17 year old using drugs, possibly depressed. What do I do?

Hi I’m new to this site and was wondering if could get some advice about my brother. He is 17 years old and has no ambitions in life except going out with his friends to do graffiti or drink/do drugs/smoke. He currently has no job, and now wants to quit highschool with no ambition of doing TAFE or some other form of education.

Despite being strict, my parents have spoiled all of us growing up. My sister and I always joked Mum and Dad went easier on my brother when it came to strictness because he was the baby of the family. However my brother feels now he should have no consequences for his actions, and I think my parents are realising now they need to be strict on him to prevent him from ruining his life. But this just ends up causing more arguments.

We moved quite a bit from where we used to live, so my parents would drive him to his mates house back in our old neighbourhood since he didn’t have a license. My grandma also died around that time as well so I think that effected him quite a lot too.

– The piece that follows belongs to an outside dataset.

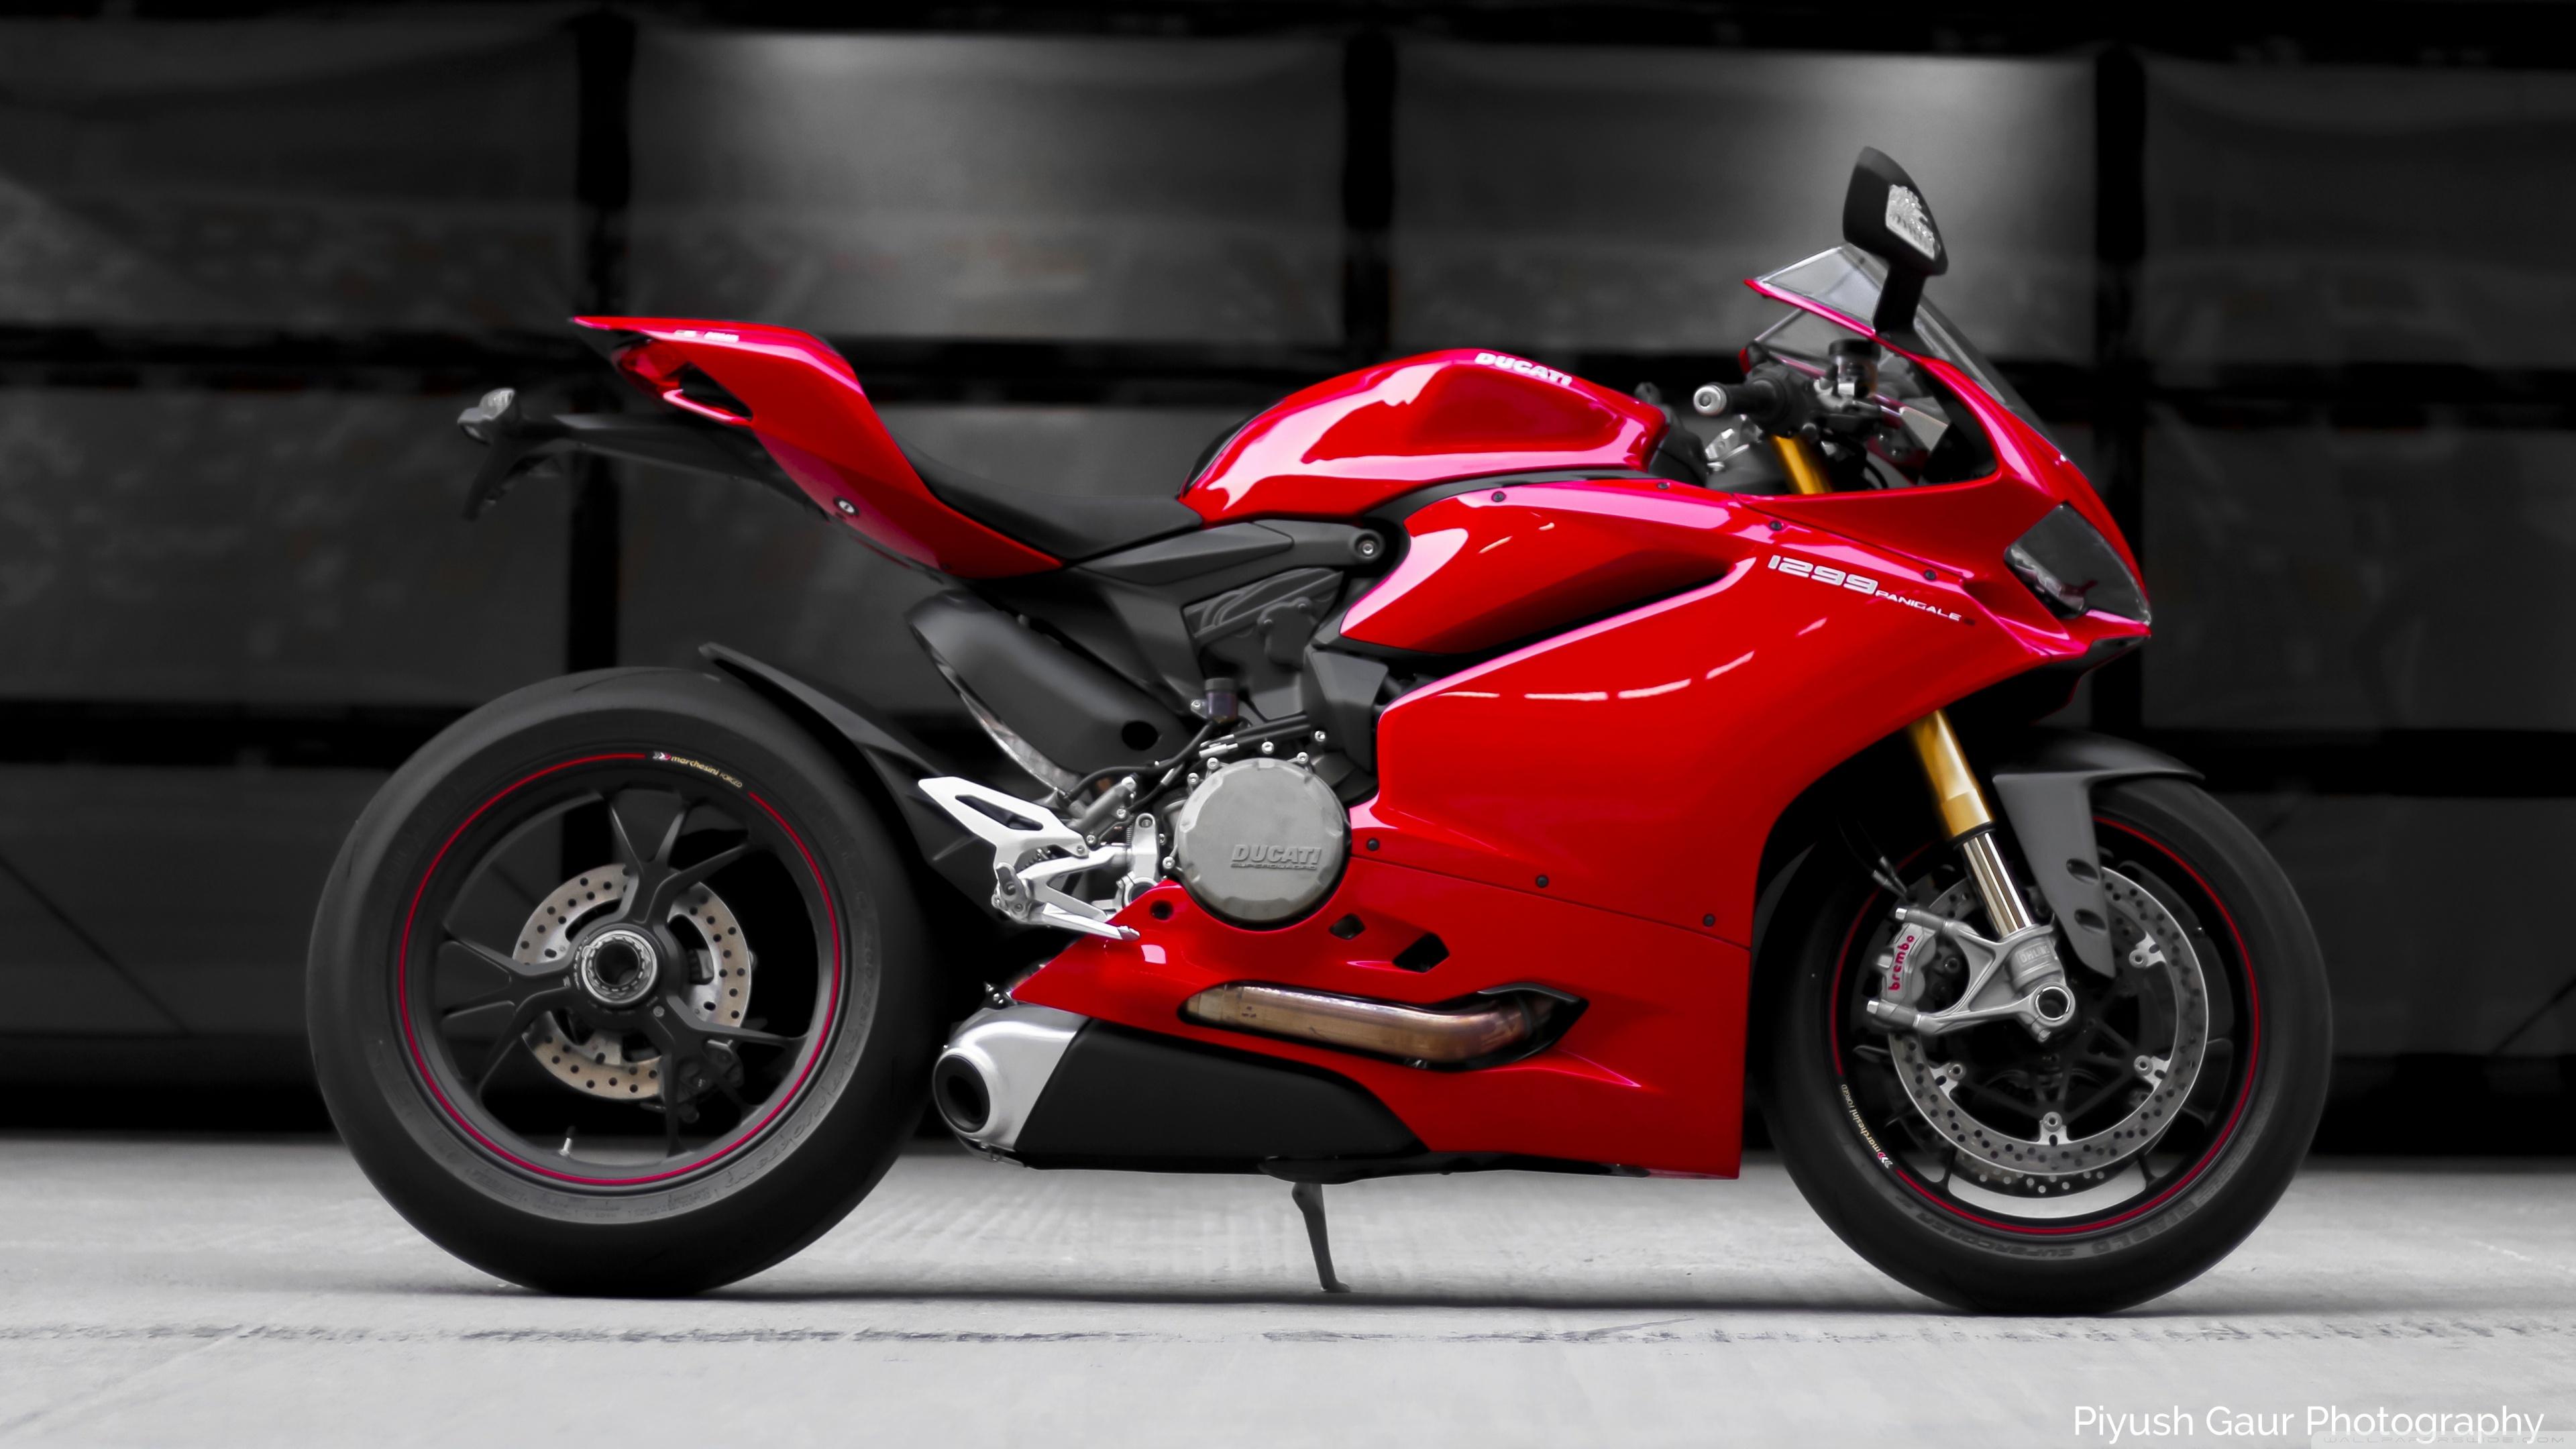 Ducati Panigale 1299S 4K HD Desktop Wallpaper for 4K Ultra HD 3840x2160

We eventually found out he wasn’t hanging out with those friends anymore but a new group who influenced the beginning of his drug use as well as his grafitting addiction. This was 6 months ago, and nothing has changed- in fact things are getting much worse. He is taking harder drugs now and I’ve noticed his personality has changed a lot.

He has told my parents he is going to quit drugs and smoking on multiple occasions, but has lied to them each time. They have even stopped him from hanging out with his “friends” as punishment, which resulted in him verbally abusing my parents and then running away.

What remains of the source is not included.